For the second case:
x1=A•sinωt1,
sinωt1 =x1/A=31.5/35 =0.9.
cos ωt1=sqrt(1-sin²ωt1)=0.44.
v1= =A•ω•cosωt1=
=35•6.76•0.44=104 cm/s.
K is 5.3 N/m. Why are you using 4.6 N/m?
This is the problem similar to that I've solved for another post. Substitute your data and calculate yourself
Check my calculations.
ω=sqrt(k/m)=sqrt(5.3/0.1) = 7.28rad/s.
x=A•sinωt
v=dx/dt=A•ω•cosωt
Divide the first equation by the second and obtain
x/v= A•sinωt/ A•ω•cosωt= ω•tanωt,
tanωt = x•ω/v=20•7.28/194=0.75
ωt =arctanωt =0.64 rad,
sinωt = 0.6
A=x/sinωt = 20/0.571=33.3 cm.
For the second case:
x1=A•sinωt1,
sinωt1 =x1/A=31.5/33.3 =0.95.
cos ωt1=sqrt(1-sin²ωt1)=0.33.
v1= =A•ω•cosωt1=
=33.3•7.28•0.33=80 cm/s.
I got a similar answer of 79.0 cm/s using the conservation of energy equation.
U(i) + K(i) = U(f) + U(f)
Thank you for the help. And sorry for asking this question. I didn't see the similar question when I searched mine in the search bar.

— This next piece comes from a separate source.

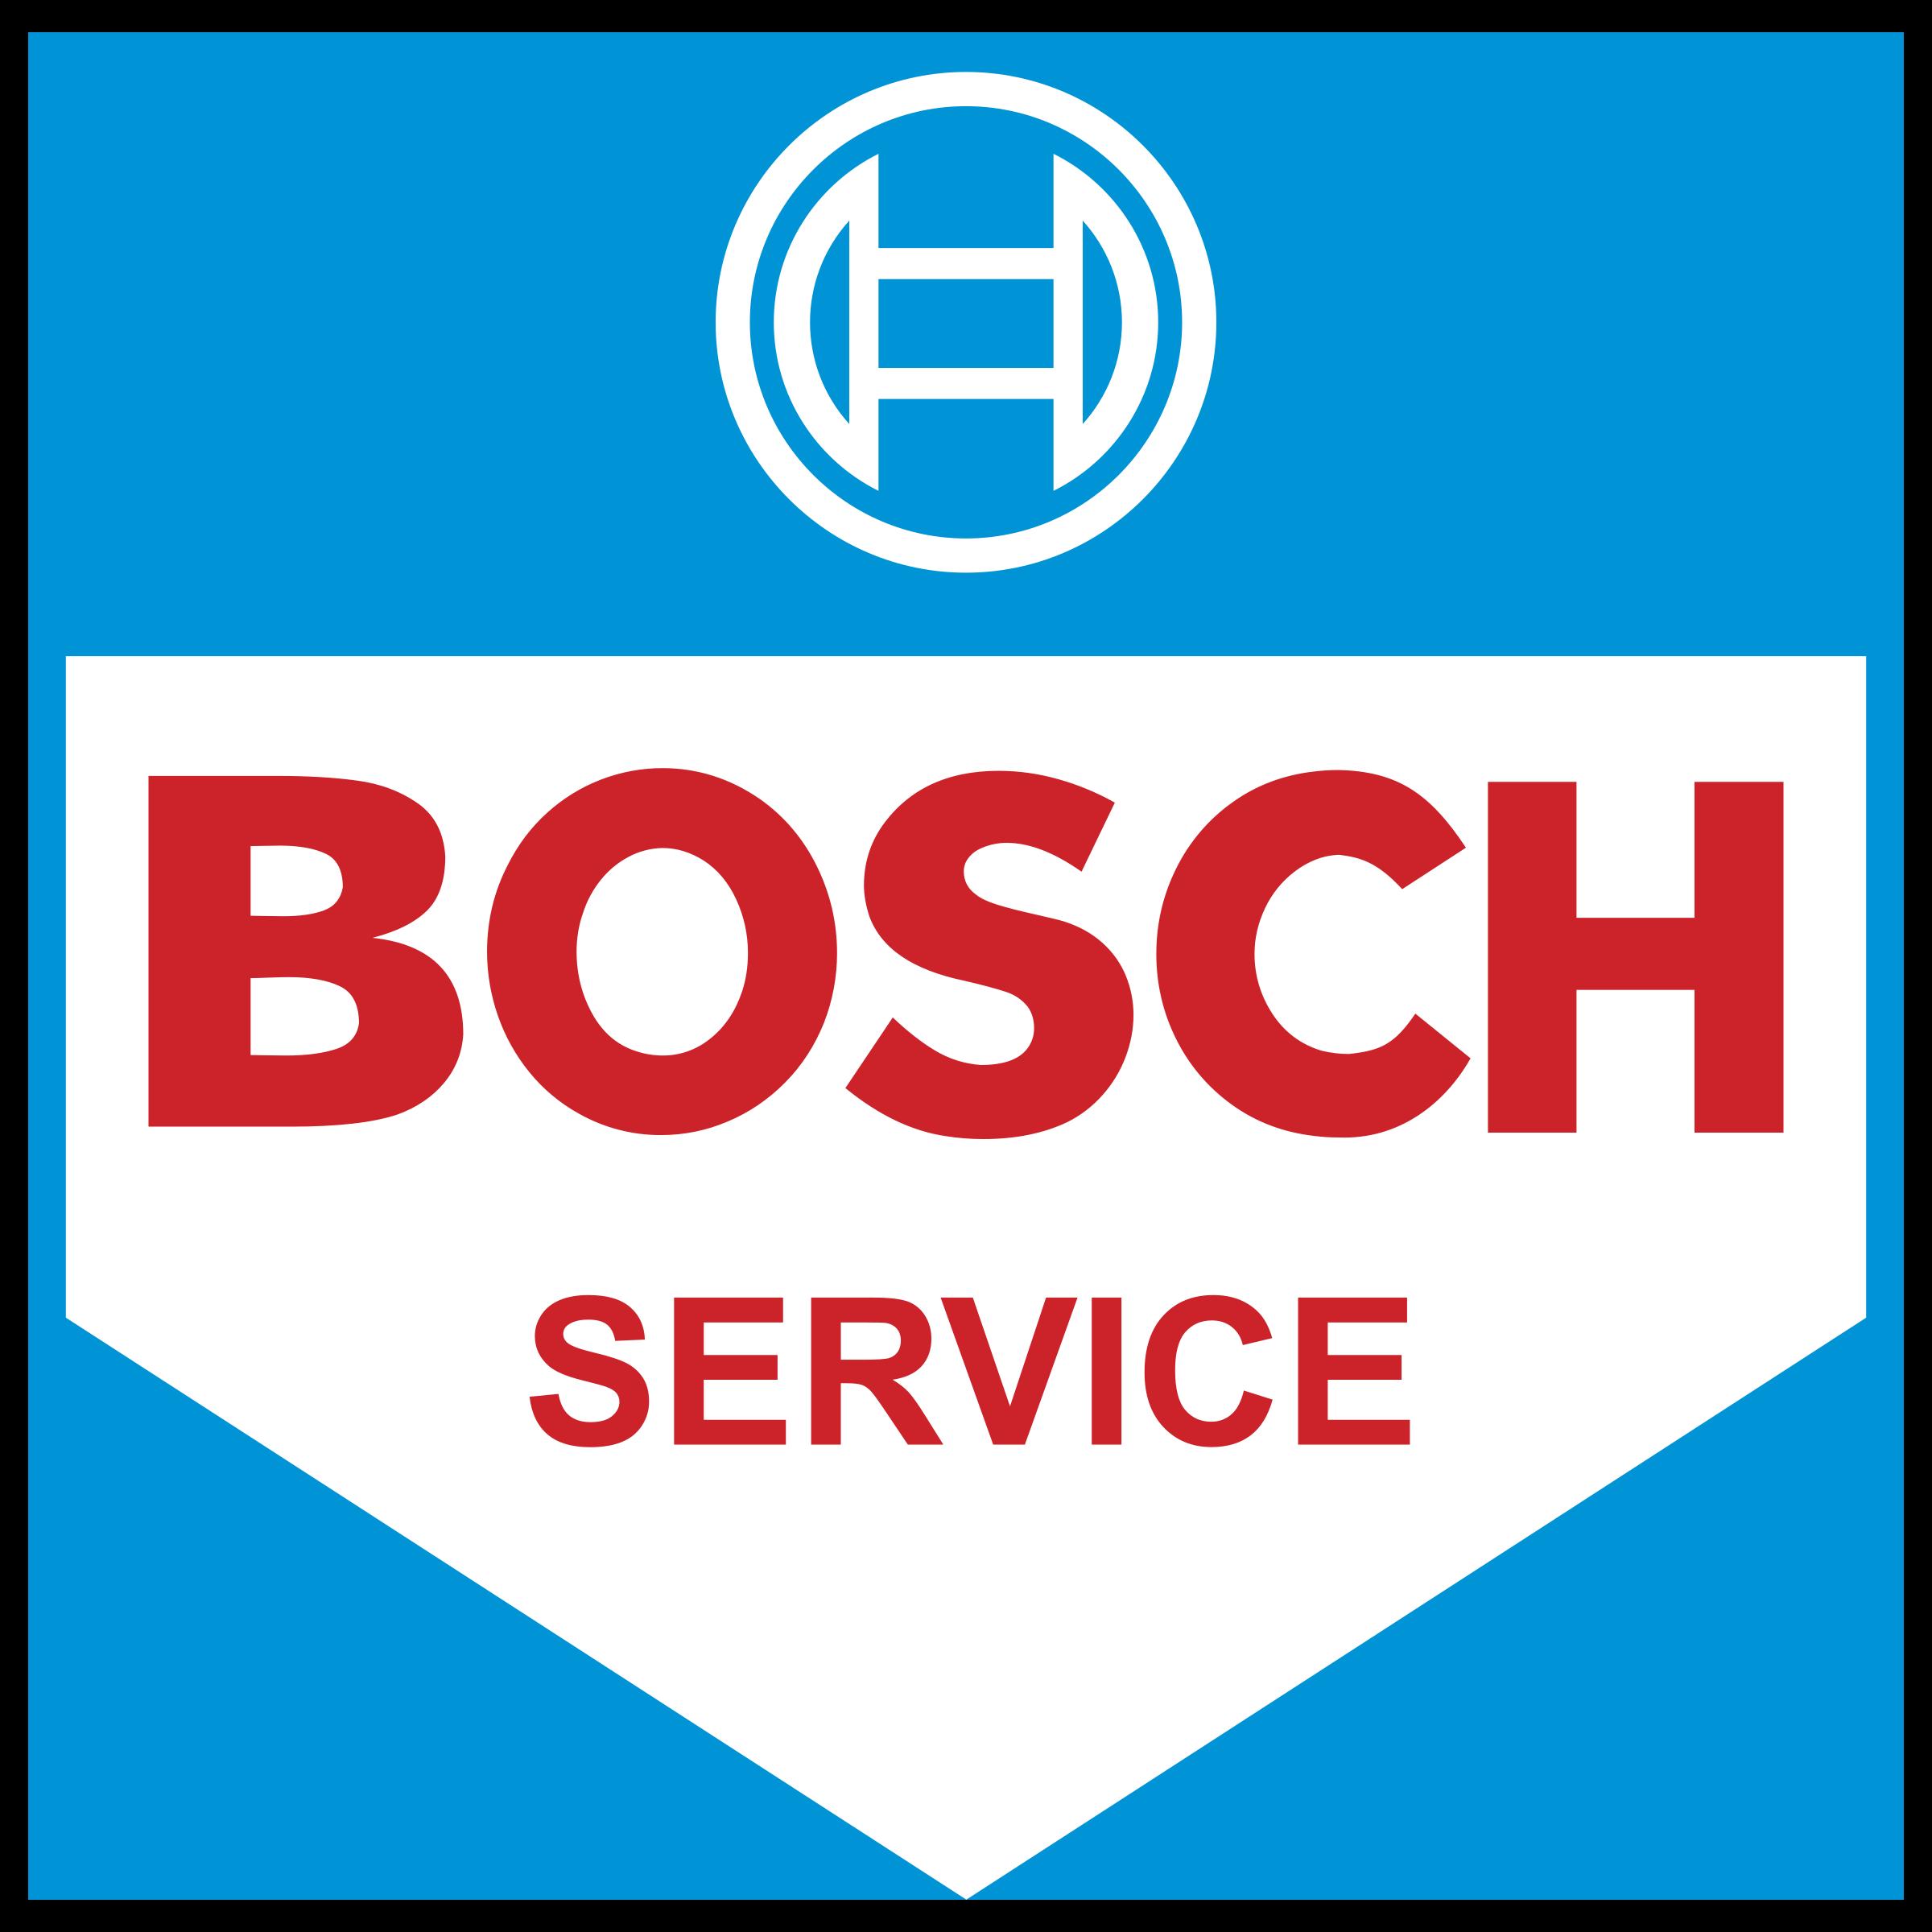 bosch service logo png transparent amp svg vector freebie

To find the block's speed when the displacement from equilibrium is 31.5 cm, we can first calculate the potential energy and kinetic energy at the initial position and then use the conservation of mechanical energy.
1. Find the potential energy at the initial position:
The potential energy of a spring is given by the formula U = (1/2)kx^2, where U is the potential energy, k is the spring constant, and x is the displacement from the equilibrium position.
In this case, the displacement from the equilibrium position is 20.0 cm below, so x = -20.0 cm.
U_initial = (1/2) × k × x^2
= (1/2) × 5.3 N/m × (-20.0 cm)^2
= 10.6 N/m × 400 cm^2
= 4240 J
2. Find the kinetic energy at the initial position:
The kinetic energy is given by the formula K = (1/2)mv^2, where K is the kinetic energy, m is the mass, and v is the velocity.
In this case, the mass (m) is given as 100 g, which is 0.1 kg, and the velocity (v) is given as 194 cm/s.
K_initial = (1/2) × 0.1 kg × (194 cm/s)^2
= 0.05 kg × 37636 cm^2/s^2
= 1881.8 J
3. Calculate the total mechanical energy at the initial position:
The total mechanical energy is the sum of potential energy and kinetic energy.
E_initial = U_initial + K_initial
= 4240 J + 1881.8 J
= 6121.8 J
4. Calculate the velocity at the final position:
To find the velocity at the final position, we use the conservation of mechanical energy: E_initial = E_final.
At the final position, the displacement from the equilibrium is 31.5 cm above, so x = 31.5 cm.
E_final = U_final + K_final
Since the block is at the highest point (maximum potential energy), the kinetic energy at the final position is zero, so K_final = 0.
E_final = U_final + 0
U_final = E_initial - U_final
From the equation for potential energy, we can rearrange it to solve for the displacement:
U = (1/2)kx^2
(x^2) = (2U) / k
x = sqrt((2U) / k)
Substituting the values:
x = sqrt((2 × 6121.8 J) / 5.3 N/m)
x = sqrt(2307.2 cm^2)
x = 48 cm
Therefore, at a displacement of 31.5 cm, the block's displacement (x) is 48 cm above the equilibrium position.
5. Find the final potential energy:
U_final = (1/2) × k × x^2
= (1/2) × 5.3 N/m × (48 cm)^2
= 12.7 × 2304 J
= 29,068.8 J
6. Calculate the final kinetic energy:
Since the block is at the highest point and momentarily stops before starting to descend, the kinetic energy is zero, so K_final = 0.
7. Find the final velocity using the conservation of mechanical energy:
E_final = U_final + K_final
= 29,068.8 J + 0
= 29,068.8 J
From the formula for kinetic energy, we can rearrange it to solve for velocity:
K = (1/2)mv^2
v^2 = (2K) / m
v = sqrt((2K) / m)
Substituting the values:
v = sqrt((2 × 29,068.8 J) / 0.1 kg)
v = sqrt(581,376 J/kg)
v ≈ 241.1 m/s
Therefore, the block's speed when the displacement from equilibrium is 31.5 cm is approximately 241.1 m/s.